Перед ним стоял один из астиномов.
– Ч…чего тебе? – с трудом выдавил щеголь, меняясь в лице.
– Господин, твой раб потерял накидку. Возьми ее! Накидка-то праздничная!
– Накидку?.. Фу ты! – Он перевел дух с облегчением. – Давай ее сюда. Раб пожалеет, что обронил ее! Он узнает, как терять хозяйские вещи!
III
В большом старом доме, бывшем когда-то рабской мастерской, а теперь лишь частично занятом под жилье, шло веселое столованье.
Здесь собрались друзья, мужи не старые, но уже перешагнувшие беспечный возраст юности. Шрамы на бородатых и выбритых лицах свидетельствовали о том, что большинство гостей побывало на войне и в походах. Небогатые одеяния, обветренные лица и далеко не холеные руки подтверждали их принадлежность к самым низам боспорского общества. Это были люди, которые, не располагая достатком, добывают кусок хлеба наемным трудом у богачей, морской службой, войной, а также не гнушаются и черной работой.
Всклокоченные головы и мешки под глазами у некоторых выдавали их слабость к горячительным напиткам.

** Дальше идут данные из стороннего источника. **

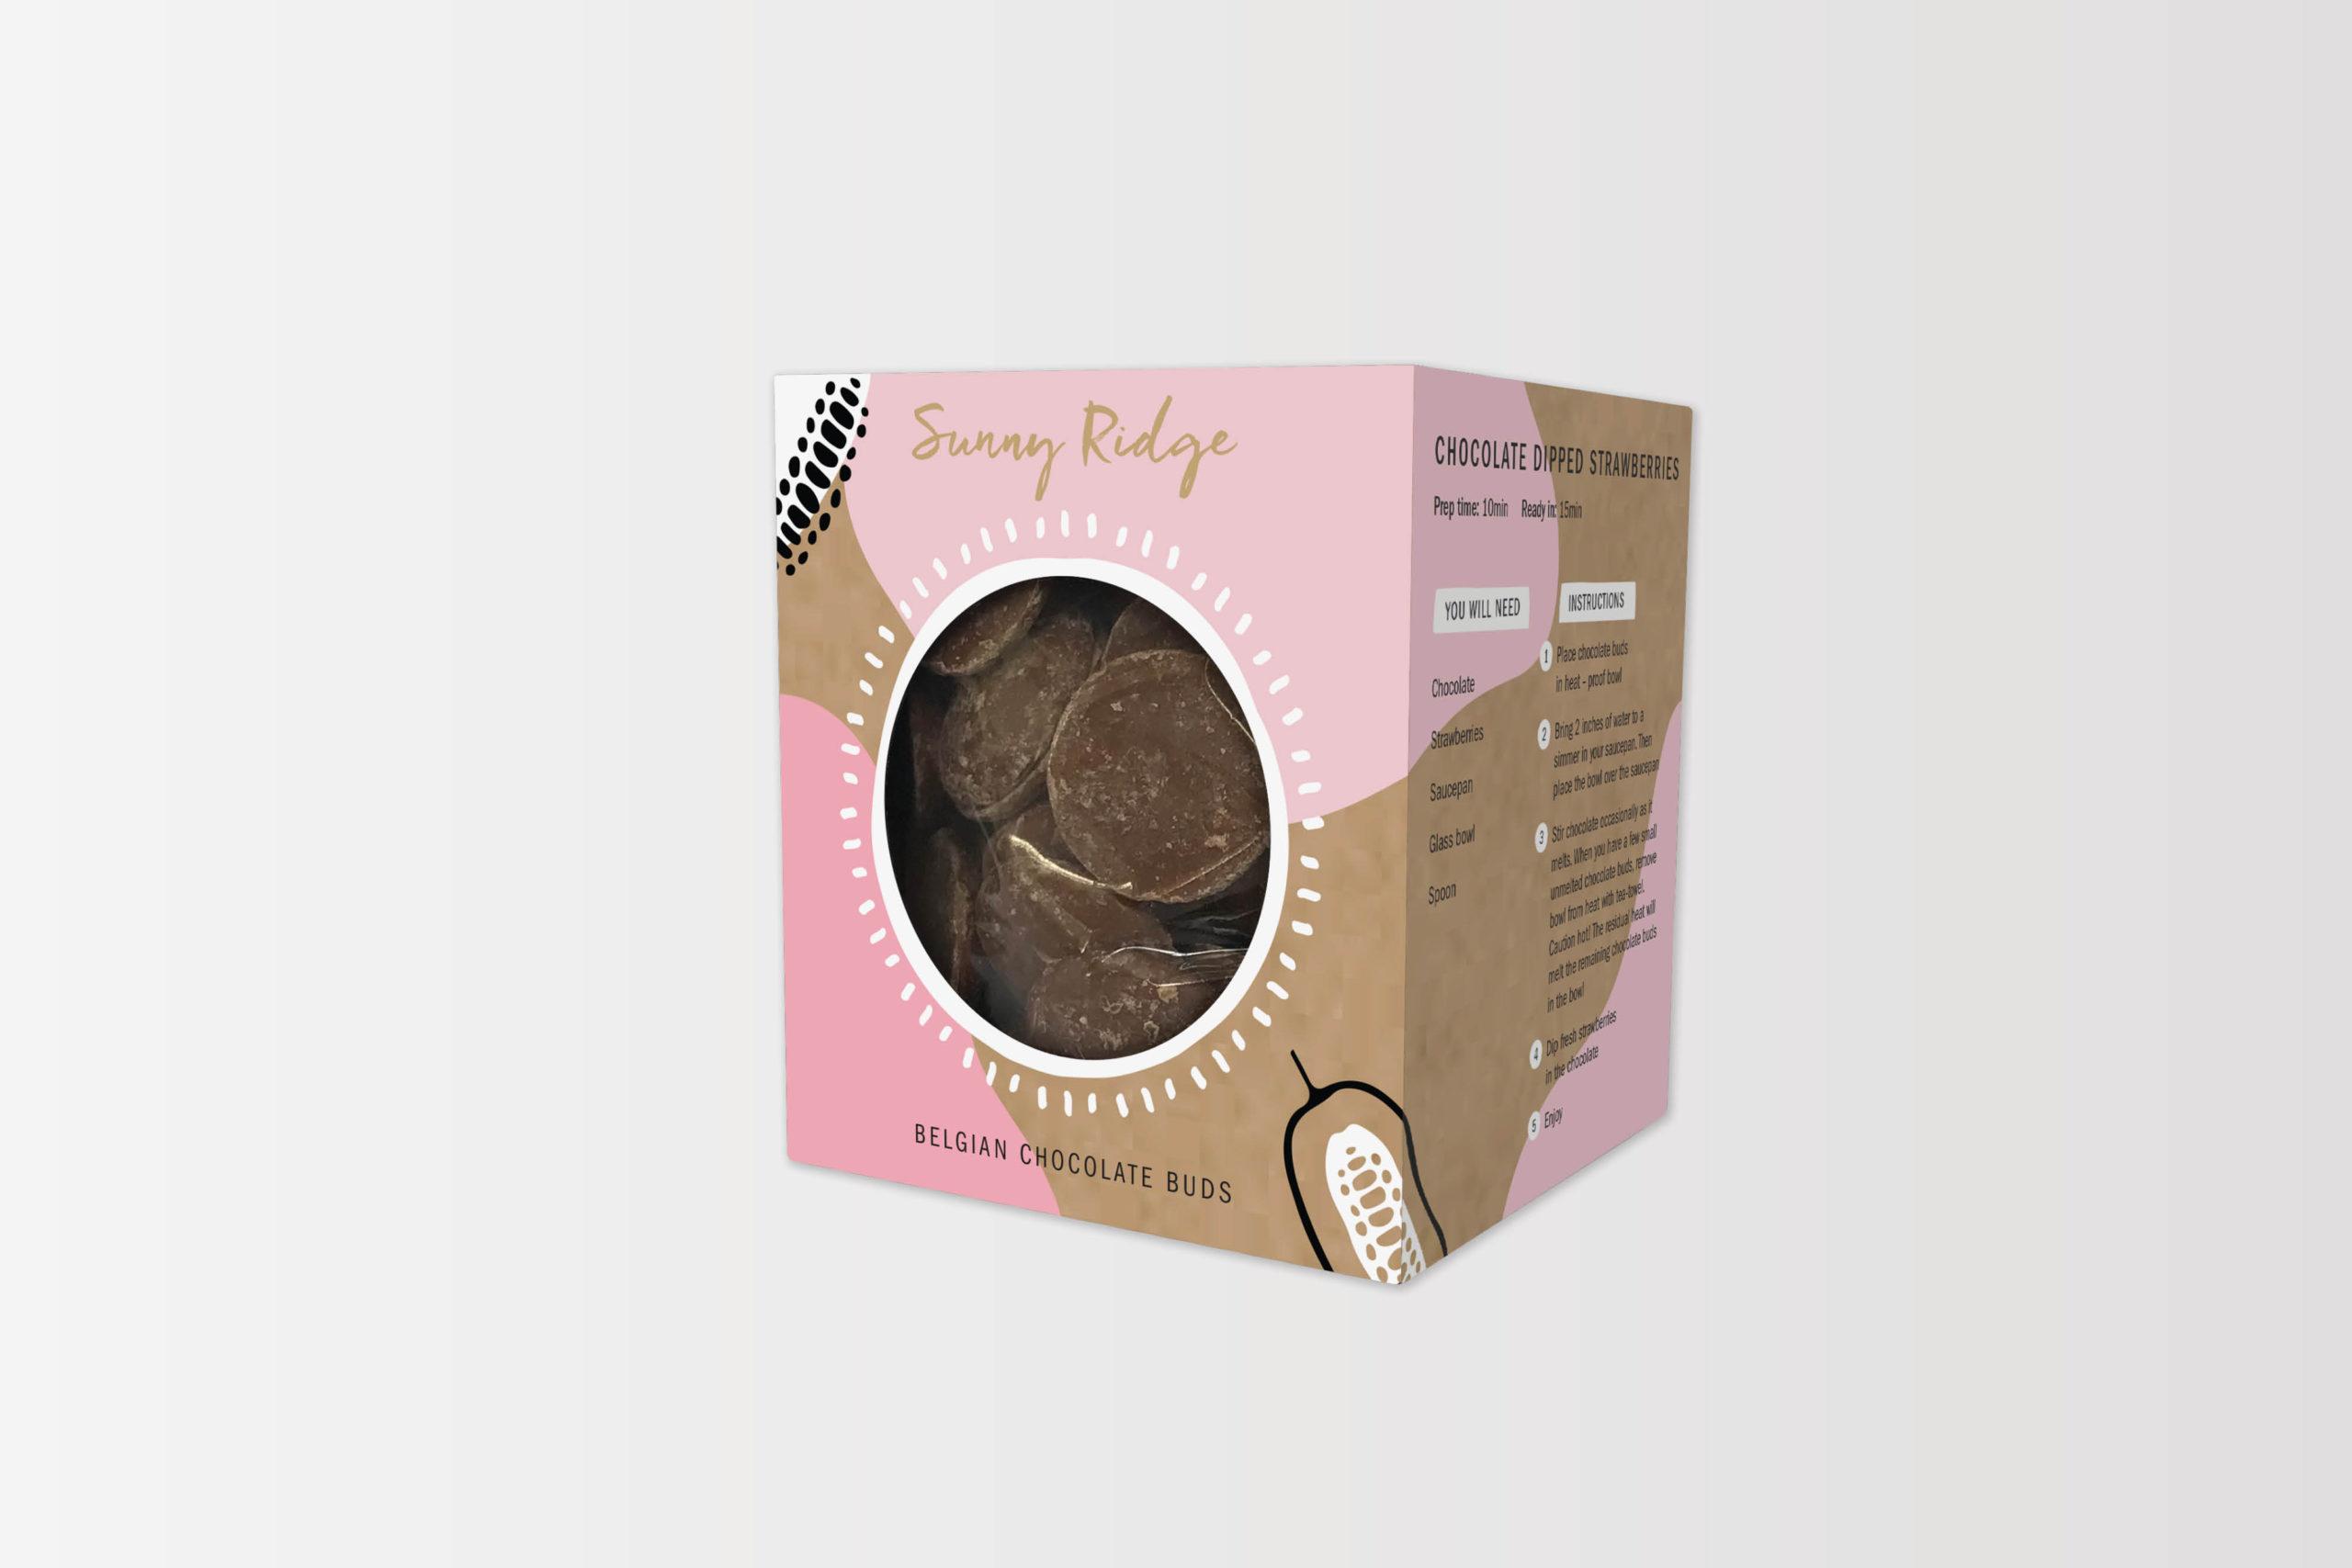 Sunny Ridge Packaging

А немытые, запыленные одежды – их образ жизни, именуемый бездомностью. Но здесь все держались уверенно и с достоинством, говорили смело, пили и ели дружно, поглядывая на хозяина без приниженности, однако с уважением, как воины на своего дядьку.

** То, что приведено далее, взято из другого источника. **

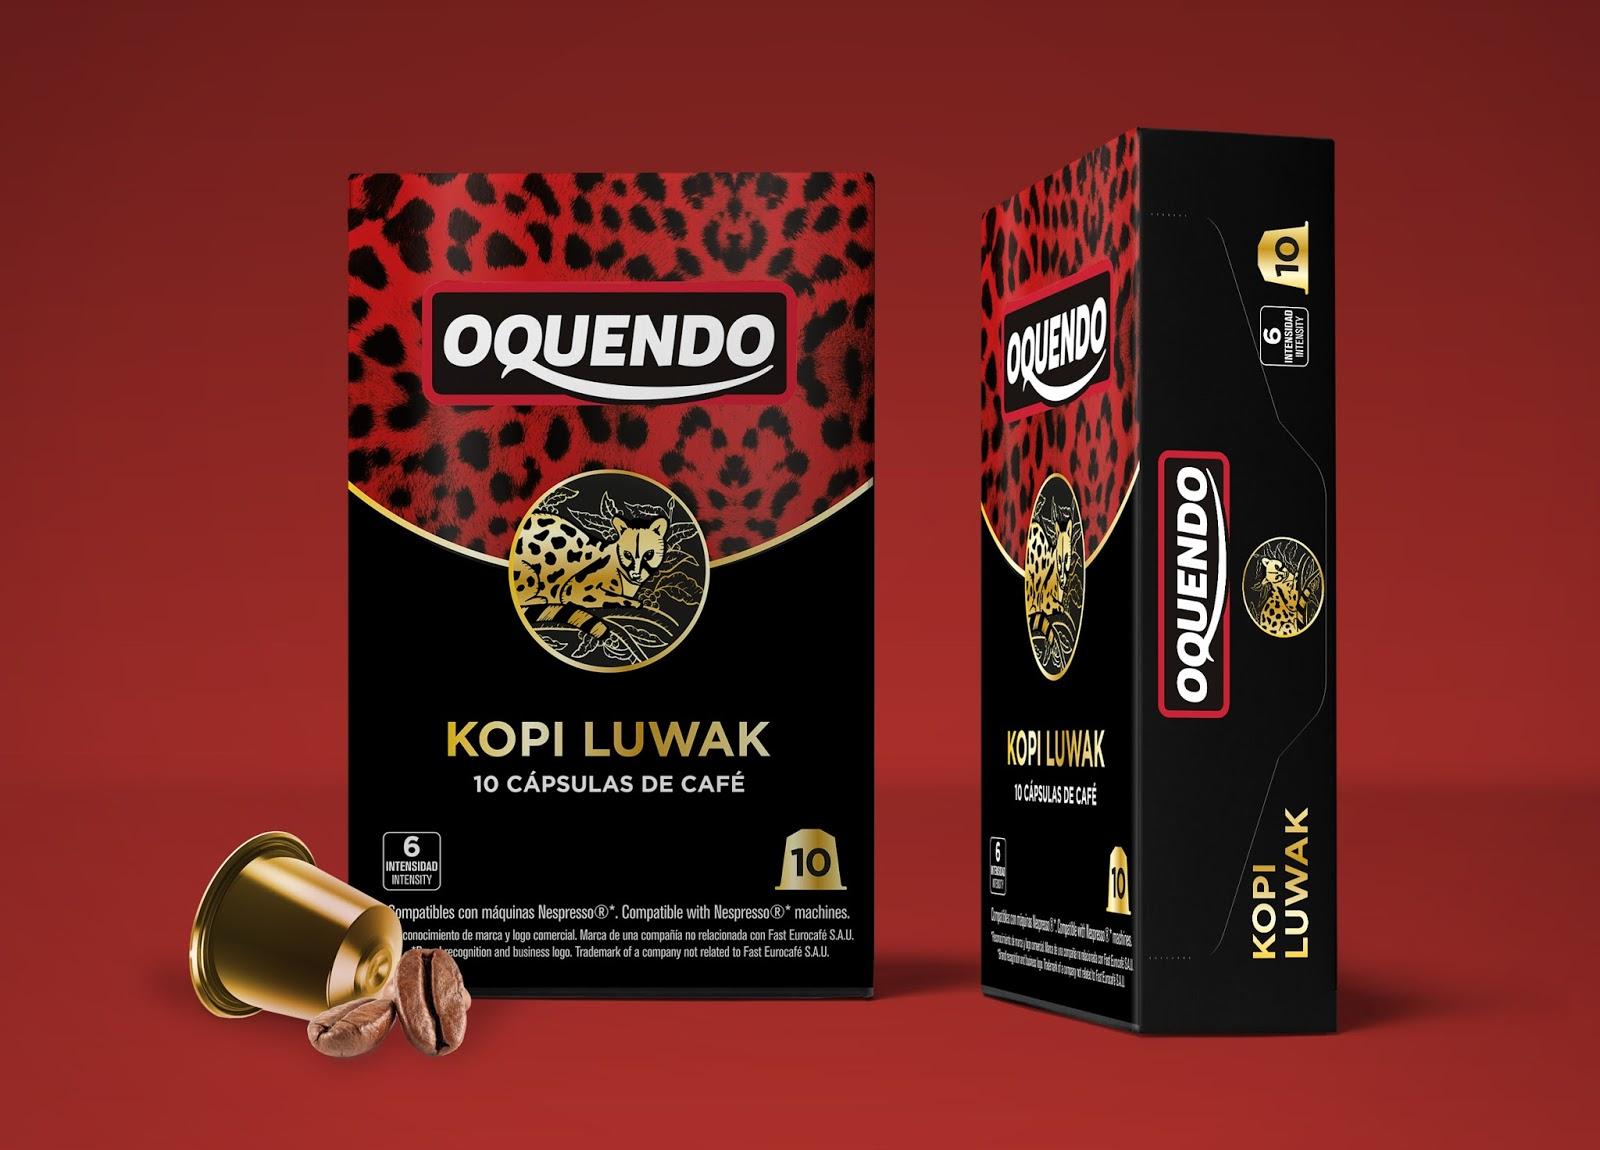 Surya Mas Jaya Kopi Luwak Packaging Lembah Cimanong 250 Gram By Contents Coffee Capsules Substrate Materials Cardboard Printing Process Foil Stamping Gloss Ink

Хозяин, тридцатилетний холостяк, отличался от гостей внешней опрятностью, чистыми руками и умением держаться дружественно, но с сознанием своего превосходства. На груди его красного хитона было вышито изображение трезубца. Его гладкое, сухощавое лицо было неправильным, нос слегка искривлен, волосы в живописном беспорядке по эллинской моде того времени. Широко расставленные глаза, веселые и внимательные, отражали живость характера и остроту мысли. Все поведение этого человека выражало одухотворенность наряду с некоторой артистической приподнятостью и молодцеватой манерой, явно рассчитанной на грубоватые вкусы друзей.

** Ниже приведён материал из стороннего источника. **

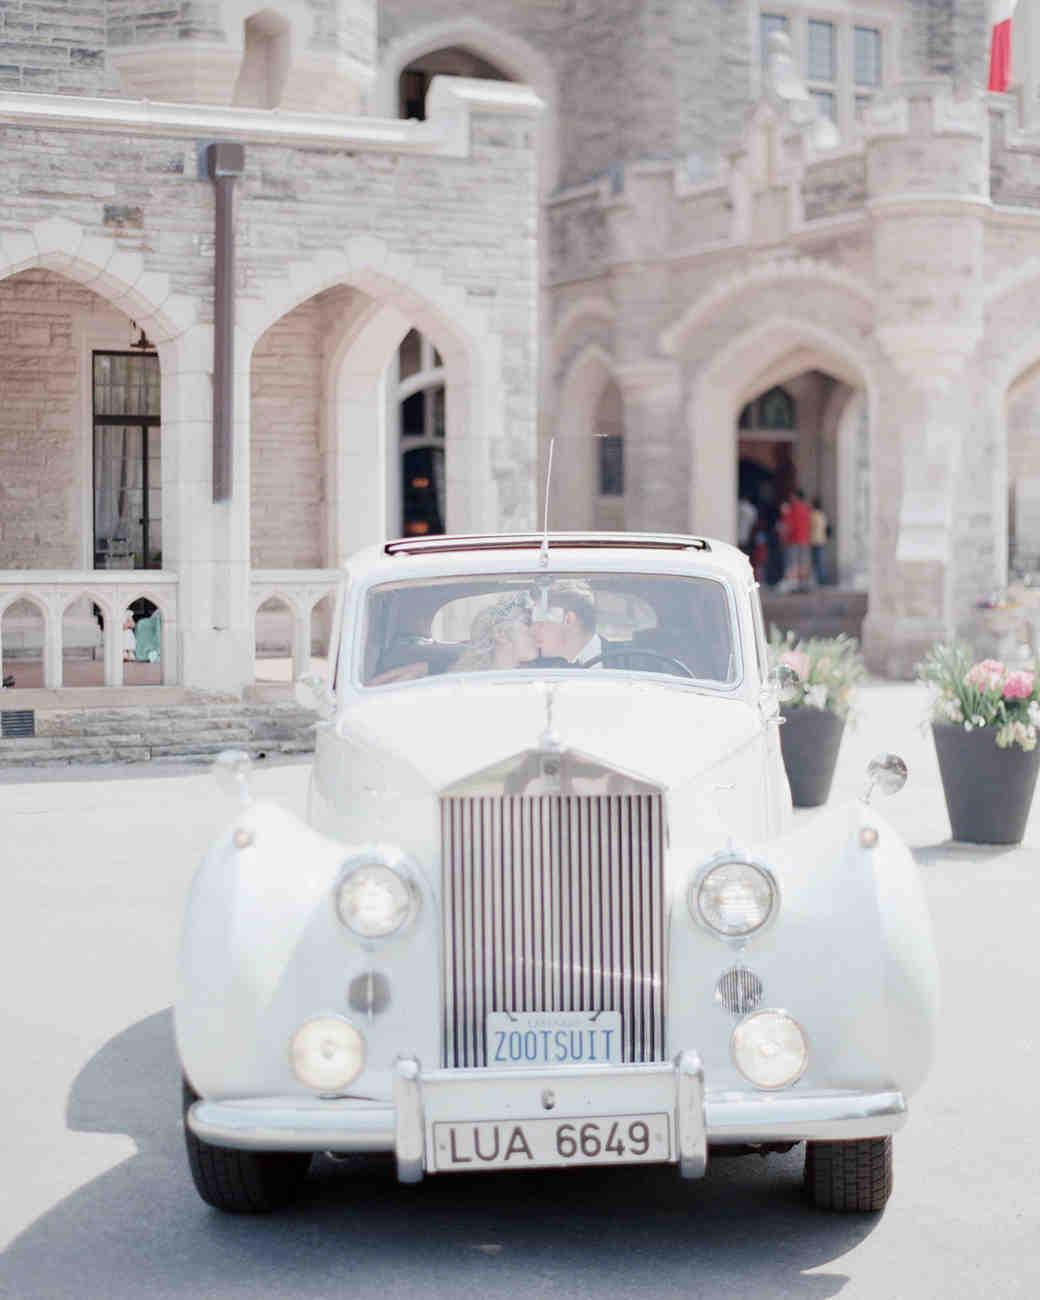 brittany-jeff-wedding-car-081-s111415-0714.jpg

Он бражничал наряду со всеми, но пил умеренно и, по-видимому, следил, чтобы не перепились остальные. Показав на опечатанные амфоры, что стояли в углу на земляном полу, он сказал:
– Эти сосуды с лучшим вином мы раскупорим в последнюю минуту! А пока, эй, Антигона, принеси того бочкового кислого вина, которое у нас еще сохранилось!
Друзья, окружившие стол, встретили слова хозяина веселыми возгласами. Только один, сумрачный высокий человек с лицом помятым и заспанным после вчерашнего перепоя, зевнул и заметил ворчливо, не в такт с другими:
– Как бы не пришлось нам, о Асандр, наполнить пустые амфоры своей кровью!.. Не к добру видел я во сне, будто меня обняла черноволосая сирена!
– Черноволосая сирена?
Все притихли в раздумье, уставившись глазами на хозяина, словно задавая ему молчаливый вопрос: как он растолкует этот сон?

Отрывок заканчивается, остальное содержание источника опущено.